_Work task_. Set down every entry once more, character for character.

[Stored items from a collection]
= = =
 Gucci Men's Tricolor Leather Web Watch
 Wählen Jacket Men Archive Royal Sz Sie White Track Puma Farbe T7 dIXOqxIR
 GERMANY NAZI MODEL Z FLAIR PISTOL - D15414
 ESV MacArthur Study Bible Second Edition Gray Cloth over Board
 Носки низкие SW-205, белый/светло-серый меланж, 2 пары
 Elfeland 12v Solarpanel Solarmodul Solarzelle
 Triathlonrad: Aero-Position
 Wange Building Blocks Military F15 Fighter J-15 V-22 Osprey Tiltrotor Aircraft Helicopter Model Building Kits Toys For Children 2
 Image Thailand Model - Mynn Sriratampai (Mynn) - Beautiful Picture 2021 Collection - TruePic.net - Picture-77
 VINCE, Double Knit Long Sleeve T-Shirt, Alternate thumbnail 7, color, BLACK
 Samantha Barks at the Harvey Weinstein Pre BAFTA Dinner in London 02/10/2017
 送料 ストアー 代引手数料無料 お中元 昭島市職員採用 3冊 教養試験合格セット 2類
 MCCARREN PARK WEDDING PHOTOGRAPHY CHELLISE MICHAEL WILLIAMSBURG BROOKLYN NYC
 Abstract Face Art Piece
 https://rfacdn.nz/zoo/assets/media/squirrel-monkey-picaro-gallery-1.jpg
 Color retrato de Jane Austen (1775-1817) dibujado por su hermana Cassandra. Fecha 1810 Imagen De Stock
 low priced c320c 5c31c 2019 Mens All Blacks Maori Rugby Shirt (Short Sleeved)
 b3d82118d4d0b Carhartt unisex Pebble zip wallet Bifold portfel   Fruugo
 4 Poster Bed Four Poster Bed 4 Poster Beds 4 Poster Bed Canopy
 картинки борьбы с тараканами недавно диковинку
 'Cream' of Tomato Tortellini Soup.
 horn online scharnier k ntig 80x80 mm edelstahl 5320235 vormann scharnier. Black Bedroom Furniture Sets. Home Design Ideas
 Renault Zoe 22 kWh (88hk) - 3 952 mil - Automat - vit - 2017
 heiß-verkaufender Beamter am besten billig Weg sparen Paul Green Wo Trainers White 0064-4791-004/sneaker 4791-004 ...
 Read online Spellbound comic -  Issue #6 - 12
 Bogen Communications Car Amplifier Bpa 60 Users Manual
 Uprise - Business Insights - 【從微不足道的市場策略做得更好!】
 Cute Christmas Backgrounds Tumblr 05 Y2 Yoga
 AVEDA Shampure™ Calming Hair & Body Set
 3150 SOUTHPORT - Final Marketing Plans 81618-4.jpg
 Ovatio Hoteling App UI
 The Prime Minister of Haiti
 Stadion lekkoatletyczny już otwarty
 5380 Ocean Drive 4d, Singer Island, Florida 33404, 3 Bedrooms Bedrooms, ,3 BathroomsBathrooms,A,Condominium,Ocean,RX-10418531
= = =
_Response below_.
 Gucci Men's Tricolor Leather Web Watch
 Wählen Jacket Men Archive Royal Sz Sie White Track Puma Farbe T7 dIXOqxIR
 GERMANY NAZI MODEL Z FLAIR PISTOL - D15414
 ESV MacArthur Study Bible Second Edition Gray Cloth over Board
 Носки низкие SW-205, белый/светло-серый меланж, 2 пары
 Elfeland 12v Solarpanel Solarmodul Solarzelle
 Triathlonrad: Aero-Position
 Wange Building Blocks Military F15 Fighter J-15 V-22 Osprey Tiltrotor Aircraft Helicopter Model Building Kits Toys For Children 2
 Image Thailand Model - Mynn Sriratampai (Mynn) - Beautiful Picture 2021 Collection - TruePic.net - Picture-77
 VINCE, Double Knit Long Sleeve T-Shirt, Alternate thumbnail 7, color, BLACK
 Samantha Barks at the Harvey Weinstein Pre BAFTA Dinner in London 02/10/2017
 送料 ストアー 代引手数料無料 お中元 昭島市職員採用 3冊 教養試験合格セット 2類
 MCCARREN PARK WEDDING PHOTOGRAPHY CHELLISE MICHAEL WILLIAMSBURG BROOKLYN NYC
 Abstract Face Art Piece
 https://rfacdn.nz/zoo/assets/media/squirrel-monkey-picaro-gallery-1.jpg
 Color retrato de Jane Austen (1775-1817) dibujado por su hermana Cassandra. Fecha 1810 Imagen De Stock
 low priced c320c 5c31c 2019 Mens All Blacks Maori Rugby Shirt (Short Sleeved)
 b3d82118d4d0b Carhartt unisex Pebble zip wallet Bifold portfel   Fruugo
 4 Poster Bed Four Poster Bed 4 Poster Beds 4 Poster Bed Canopy
 картинки борьбы с тараканами недавно диковинку
 'Cream' of Tomato Tortellini Soup.
 horn online scharnier k ntig 80x80 mm edelstahl 5320235 vormann scharnier. Black Bedroom Furniture Sets. Home Design Ideas
 Renault Zoe 22 kWh (88hk) - 3 952 mil - Automat - vit - 2017
 heiß-verkaufender Beamter am besten billig Weg sparen Paul Green Wo Trainers White 0064-4791-004/sneaker 4791-004 ...
 Read online Spellbound comic -  Issue #6 - 12
 Bogen Communications Car Amplifier Bpa 60 Users Manual
 Uprise - Business Insights - 【從微不足道的市場策略做得更好!】
 Cute Christmas Backgrounds Tumblr 05 Y2 Yoga
 AVEDA Shampure™ Calming Hair & Body Set
 3150 SOUTHPORT - Final Marketing Plans 81618-4.jpg
 Ovatio Hoteling App UI
 The Prime Minister of Haiti
 Stadion lekkoatletyczny już otwarty
 5380 Ocean Drive 4d, Singer Island, Florida 33404, 3 Bedrooms Bedrooms, ,3 BathroomsBathrooms,A,Condominium,Ocean,RX-10418531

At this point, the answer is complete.